Emm, terus…setelah itu, dilanjutkan lagi dengan dialog sastra yang bertema “Gairah Penerbitan dan Penyebaran Sastra di Yogyakarta oleh Pak Sholeh UG dari Penerbit Navila. Tapi, sayangnya acara itu agak kurang diminati. Ketika acara dimulai, beberapa peserta yang hadir justru banyak yang keluar dari gedung. Kebanyakan mereka justru anak-anak muda. Yah, gimana nih?! Pantas saja yang dapat penghargaan generasi tua, abis generasi mudanya saja nggak bergairah begitu! (hehe, termasuk penulis).
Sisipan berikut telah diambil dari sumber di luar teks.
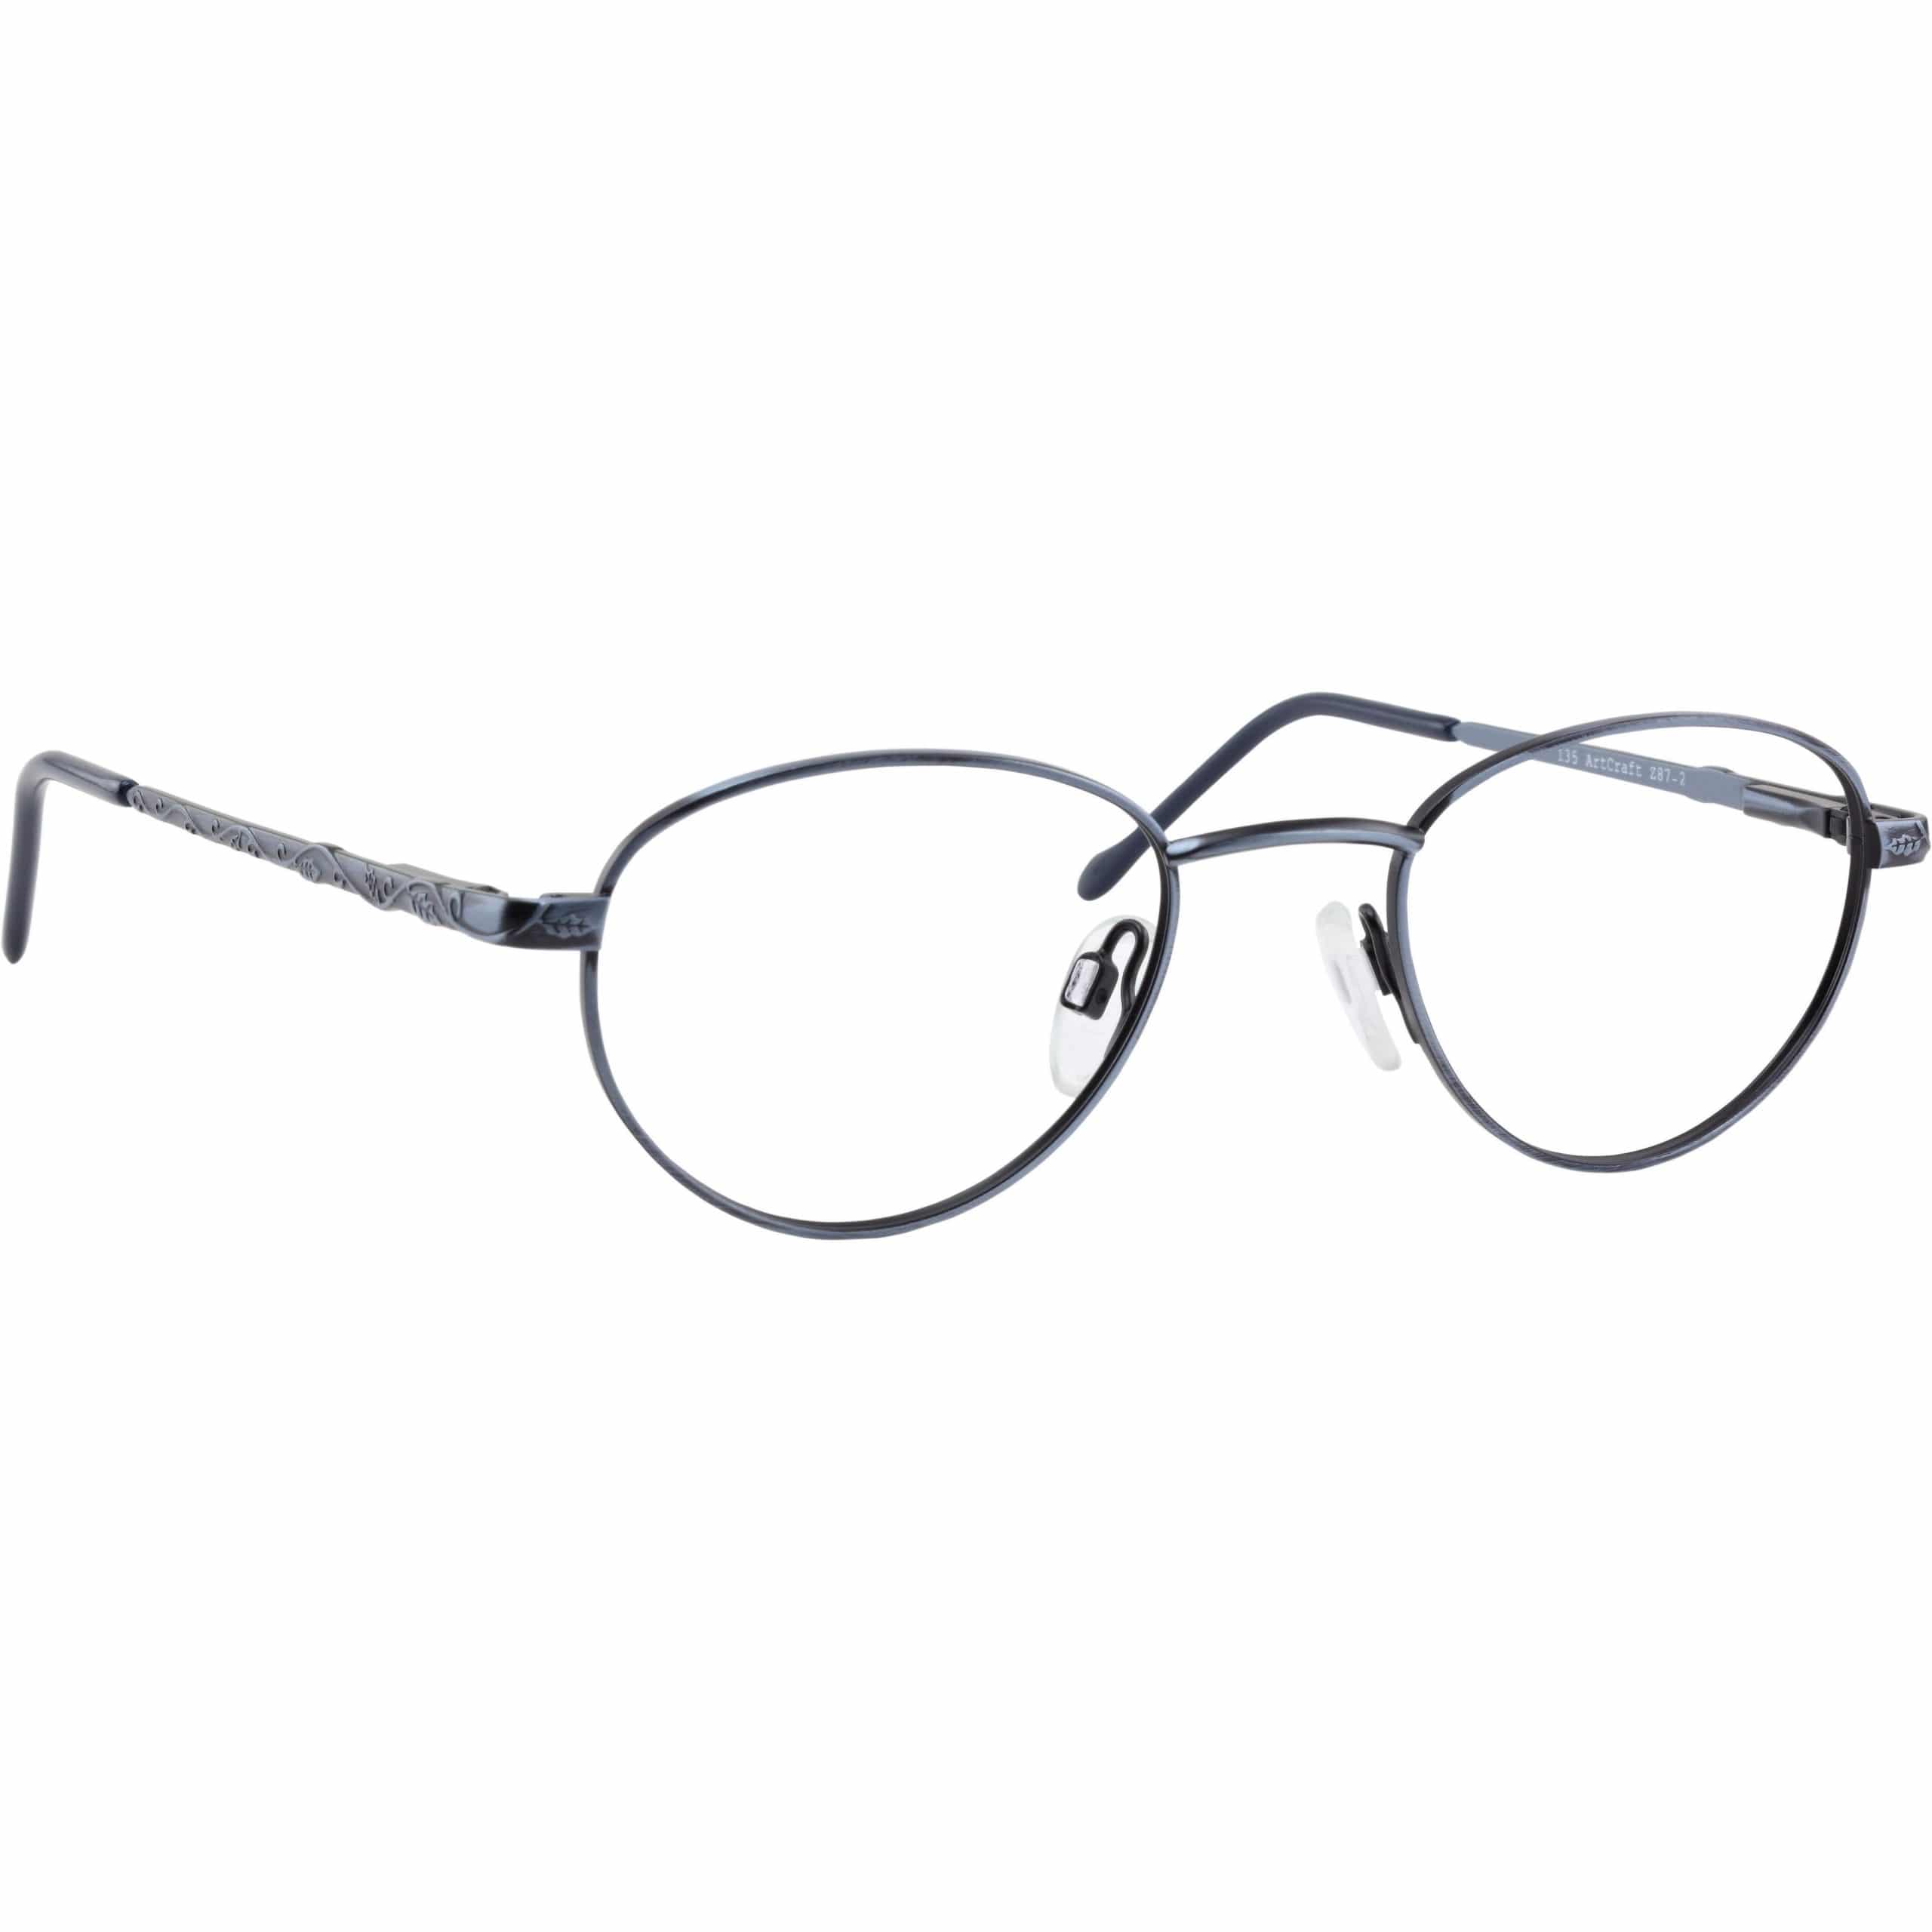 Art-Craft USA Workforce 829 Eyeglasses - Safety Protection Glasses

Memang sepertinya perlu diteliti dan diselidiki sebab-sebab kenapa acara itu tidak menggairahkan. Terlihat malam itu yang bertanya pada pembicara hanya seorang sastrawan yang sudah tidak asing lagi, yaitu Pak Mustofa W. Hasyim. Yah, kalau menurut Pijer sih, tidak tepatnya jadwal itu di penghujung acara. Soalnya sudah malam. Geliatnya sudah berganti ke dunia lain. Dunia mimpi, bukan dunia sastra. Soalnya waktu Sachree sama Zaki bersemangat hendak bertanya dalam session dialog itu, Pijer memprovokasi, “Nggak usah tanya ya, biar cepet selesai! Abis aku ijinnya tadi cuma sampai jam 10 malam”. Ups! Ternyata karena alasan pribadi Pijer yang tinggal di Pesantren, dan... tu lihat siapa yang mengantarnya malam itu? Mbak Atin, seksi Keamanan Pondok Putri. Heheh! Tapi memang sih, sebaiknya acara serius seperti itu diletakkan di awal/ pra acara atau di tengah supaya pesertanya masih semangat.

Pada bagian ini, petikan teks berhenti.